To fly in dynamic scenes, we propose a complete system in this paper, composed of a position and velocity estimator for moving obstacles, an upper-level planner to obtain desired velocity, and a motion planner to generate final motion primitives. For the perception of dynamic obstacles, the dynamic ones are identified from static ones by clustering and comparing the displacement from two point cloud data frames. A RGB-D camera is the only sensor utilized to obtain the point cloud. First, we set up a Kalman filter for each dynamic obstacle for tracking and output more accurate and continuous estimating results. The feature vector for each obstacle is adopted to improve the obstacle matching accuracy and robustness, thus the dynamic obstacles tracking and position and velocity estimating performance are improved comparing to the related existing works. In addition, we introduce the track point to reduce the displacement estimation error involved by the self-occlusion of the obstacle.

Then, with the estimated position and velocity of obstacles and the current states and kinodynamic limitations of a real vehicle, the forbidden pyramids method is applied to plan the desired velocity to avoid obstacles.
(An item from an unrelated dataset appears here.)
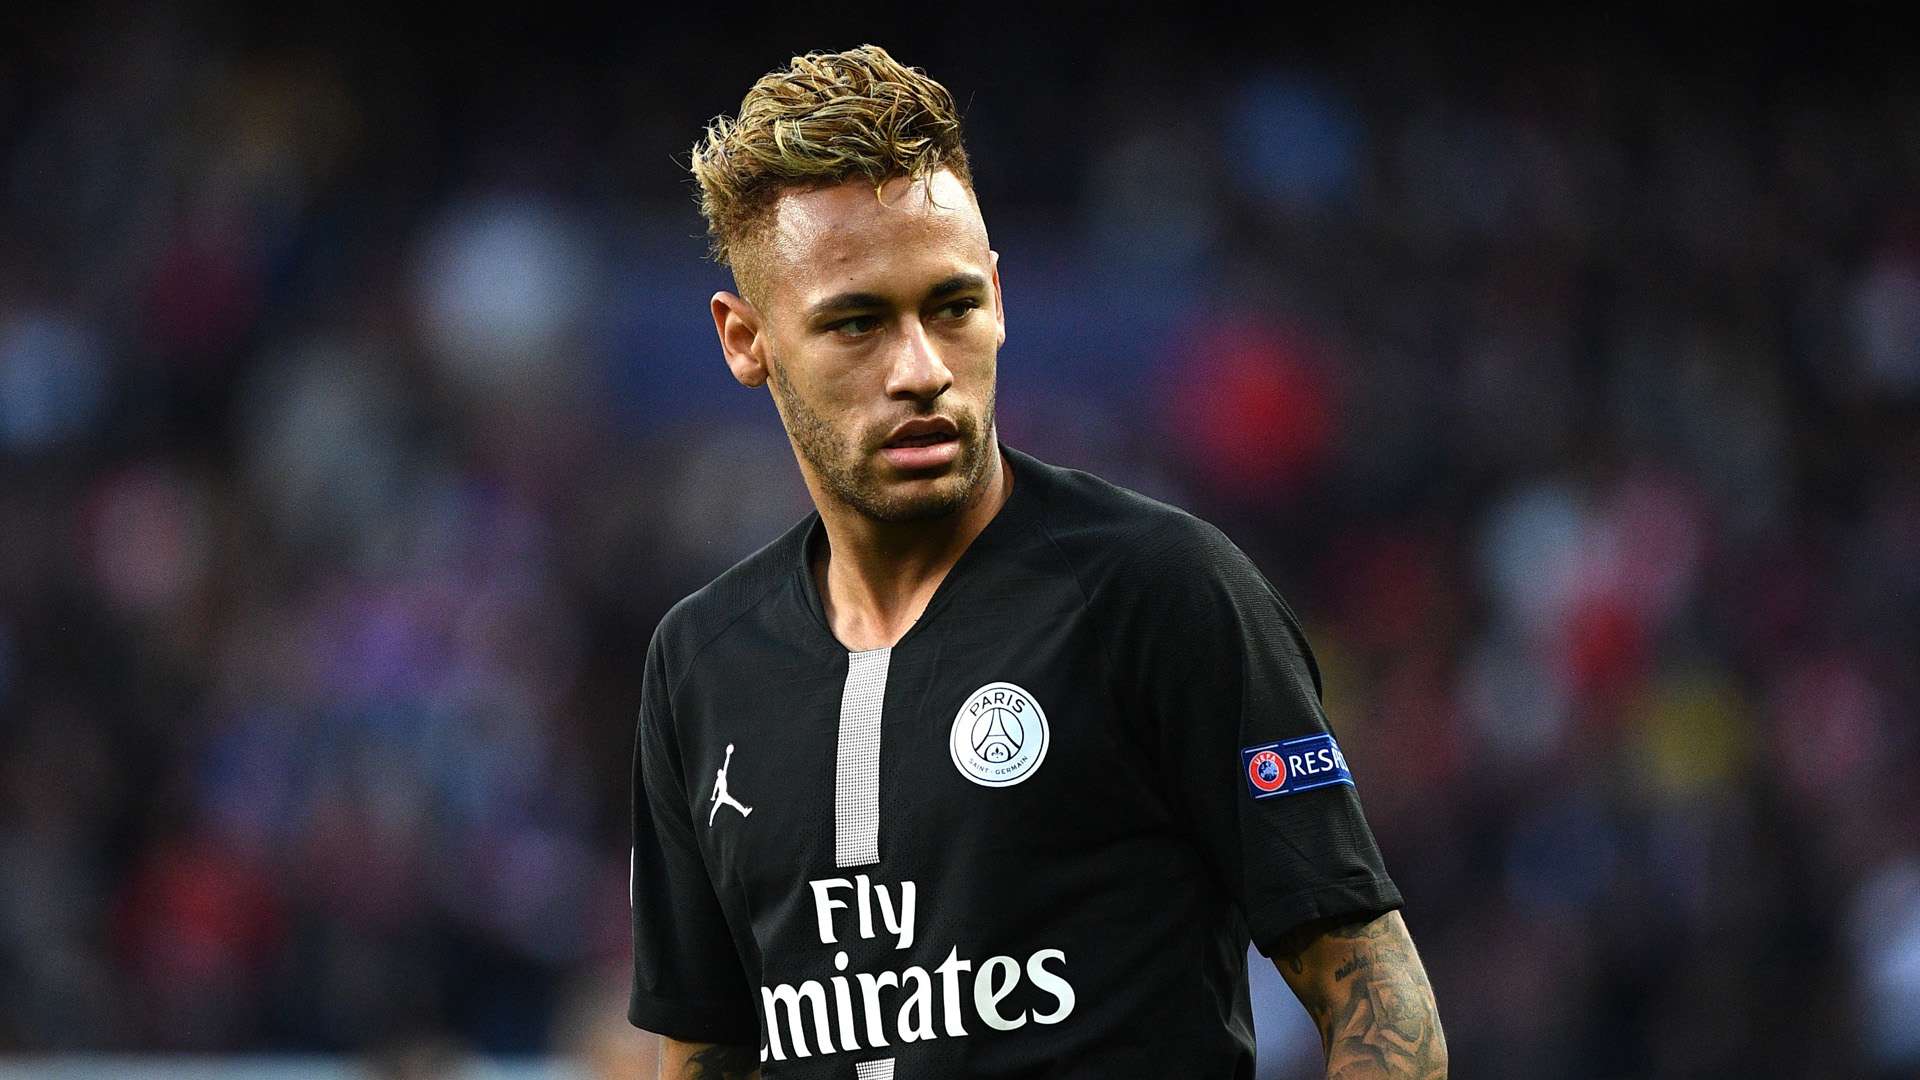 Neymar PSG Roter Stern CL 2018

The desired velocity is obtained from a sampling-based method in the feasible space, and the sampled velocity with the minimal acceleration cost is chosen. Finally, the motion primitives are efficiently solved from a well-designed non-linear optimization problem, where the desired velocity is the constraint. For navigation tasks, the proposed velocity planning method is also flexible to combine with most path planning algorithms for static environments, giving them the ability to avoid dynamic obstacles. The waypoint in the path acts as the trajectory endpoint constraints at a further time horizon. In this paper, we test it with our former proposed waypoint planning method heuristic angular search (HAS) [2] to complete the system and conduct the flight tests. The safety and the lower acceleration cost of this method can be verified by the data from flight tests. The computational efficiency of the whole system also shows great advantages over state-of-the-art (SOTA) works [3]-[4].
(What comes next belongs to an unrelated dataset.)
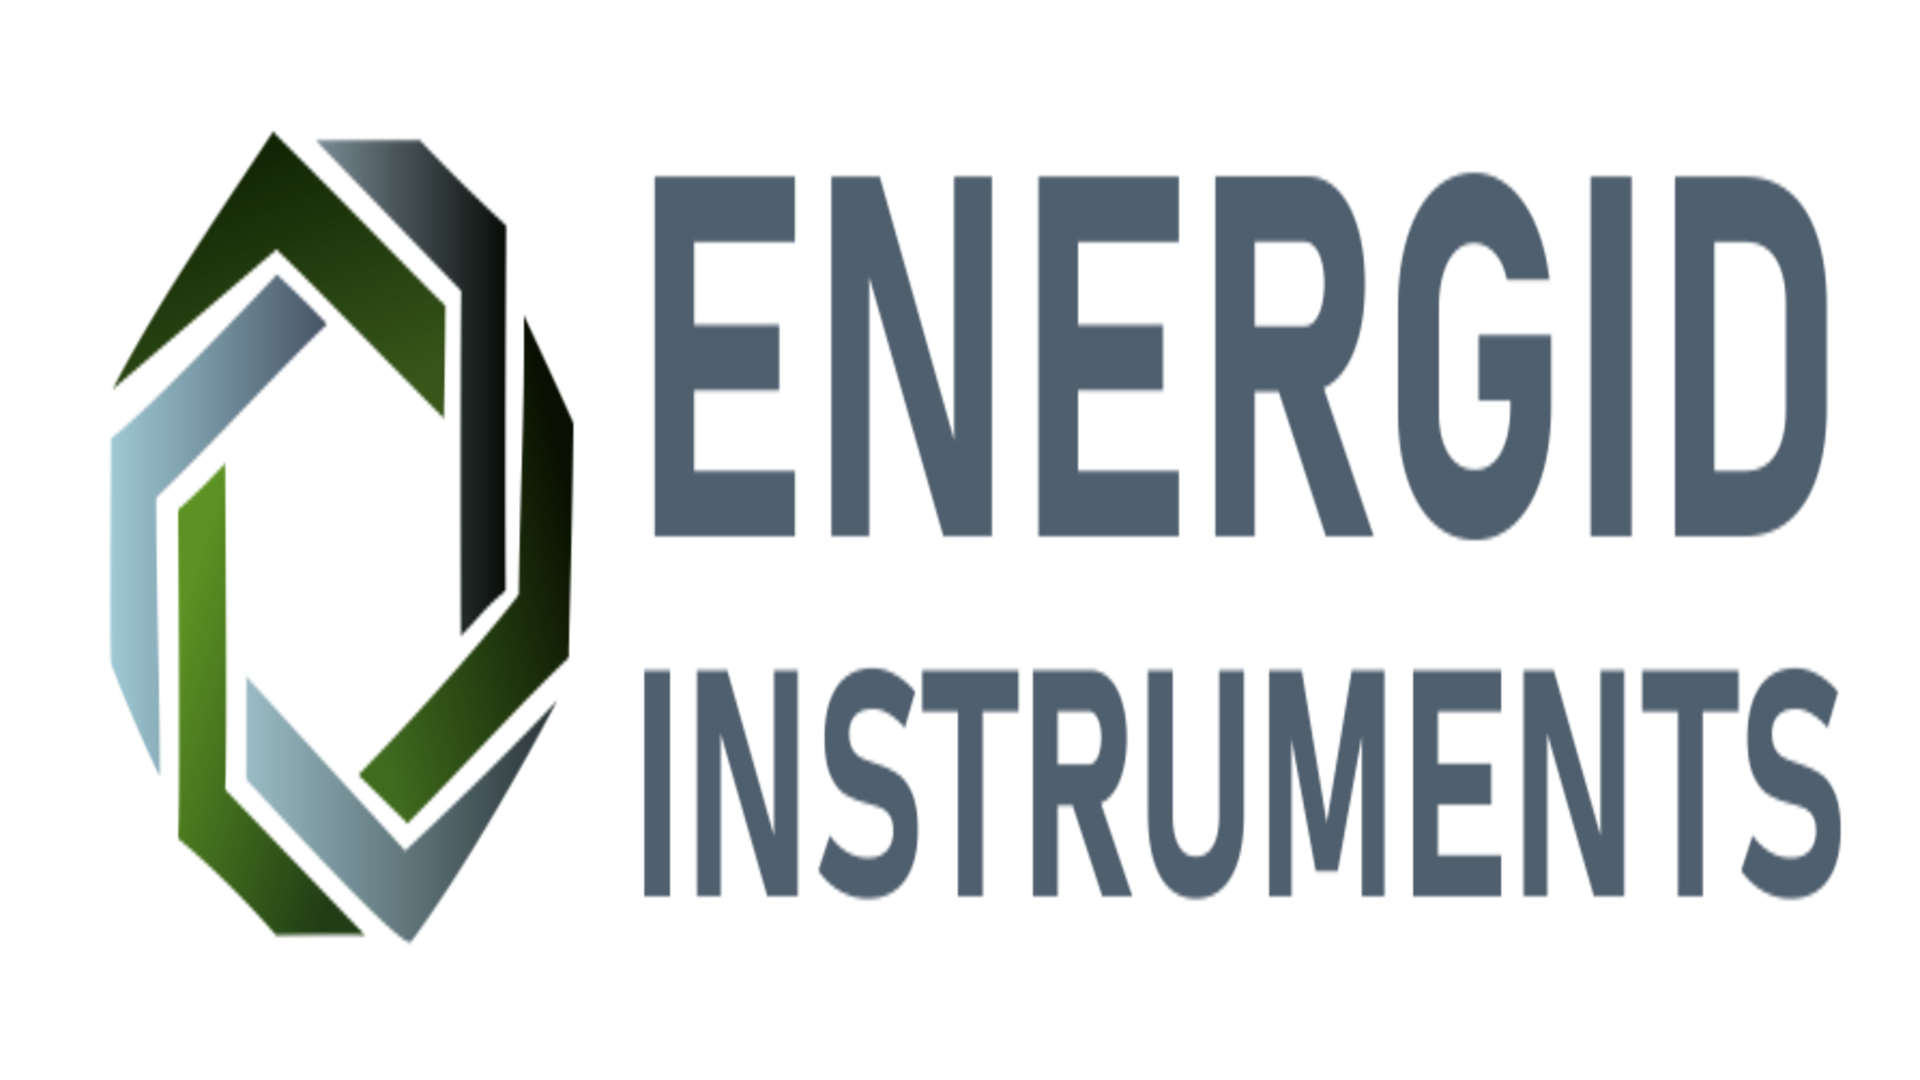 Energid Instruments

In summary, the main contributions of the paper are as follows:

1.

The feature vector is introduced to help match the corresponding obstacle in two point cloud frames. It is proved to be more robust than existing works that match the obstacles with only position information predicted by the Kalman filter. The neighbor frame overlapping and ego-motion compensation techniques are further introduced to reduce the estimating errors of the obstacle’s position.
2.

To compensate for the resultant displacement estimation error from the self-occlusion of obstacles, the object track point is proposed.
3.

Based on the relative velocity, the forbidden pyramids method is designed to efficiently plan the safe desired velocity to avoid both dynamic and static obstacles. The varies time gaps which may cause control lag error are also well compensated.
4.

We integrate those proposed methods and a path planning method into a complete quadrotor system, demonstrating its reliable performance in flight tests.

2 Related work

At present, there are many methods for path planning and obstacle avoidance in static environments. Although some researchers have published their safe planning framework for UAVs in an unknown static scenario, it is a more complex problem for a UAV with a single depth camera flying in an unknown environment with dynamic obstacles.
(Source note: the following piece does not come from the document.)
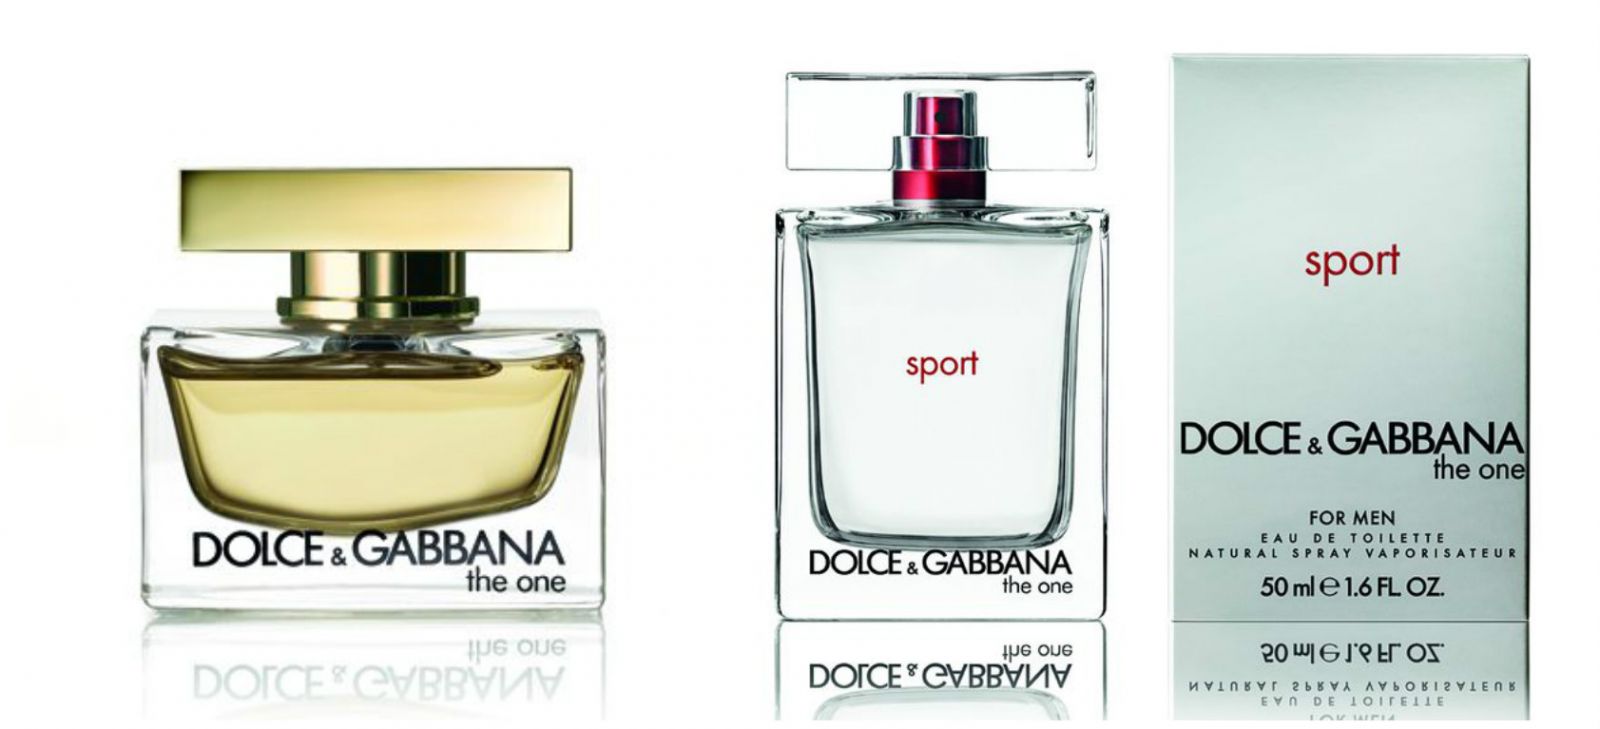 Ароматы Dolce&Gabbana The One и The One Sport фото

For identifying and tracking moving obstacles from the environment, most researchers employ the raw image from the camera and mark the corresponding pixels before measuring the depth. The semantic segmentation network with a moving consistency check method based on images can distinguish the dynamic objects [5]. Also, a block-based motion estimation method to identify the moving obstacle is used in [6], but the result is poor if the background is complex. Some work [7]-[8] segment the depth image and regard the points with similar depth belong to one object. But such methods cannot present the dynamic environment accurately because static and dynamic obstacles are not classified. If only human is considered as moving obstacle, the human face recognition technology can be applied [9]. However, the above-mentioned works do not estimate the obstacle velocity and position. [10] proposes such an approach, which jointly estimates the camera position, stereo depth, and object detections, and track the trajectories. Some works adopt feature-based vision systems to detect dynamic objects [11]-[12], which require dense feature points. Also, detector based or segmentation network based methods can work well in predefined classes such as pedestrians or cars [13]. However, they cannot handle generic environments. Considering the limited resource of the onboard microcomputer, the above image-based methods are computation-expensive and thus not able to run in real-time.

Based on the point cloud data, it is also possible to estimate the moving obstacles’ position and velocity in the self-driving cars [14]-[15]. However, they all rely on high-quality point clouds from LiDAR sensors and powerful GPUs to detect obstacles from only predefined classes. To enhance the versatility, [16] offers an idea to track point clusters with the global feature in simple environments. For the point cloud of a depth camera, the existing works are rare and they all match the obstacle by only the center position of obstacles, depending on the Kalman filter to predict the position of dynamic obstacles from past to present. However, this may fail when the predicted position of one obstacle is close to other obstacles at present. Varying from them, we propose the feature vector for each obstacle to tackle this challenge, and the matching robustness and accuracy are improved a lot. Our method also can be run at a higher frequency with low computational power. Event cameras can distinguish between static and dynamic objects and enable the drone to avoid the dynamic ones in a very short time [17]. However, the event camera is expensive for low-cost UAVs and not compatible to sense the static obstacles.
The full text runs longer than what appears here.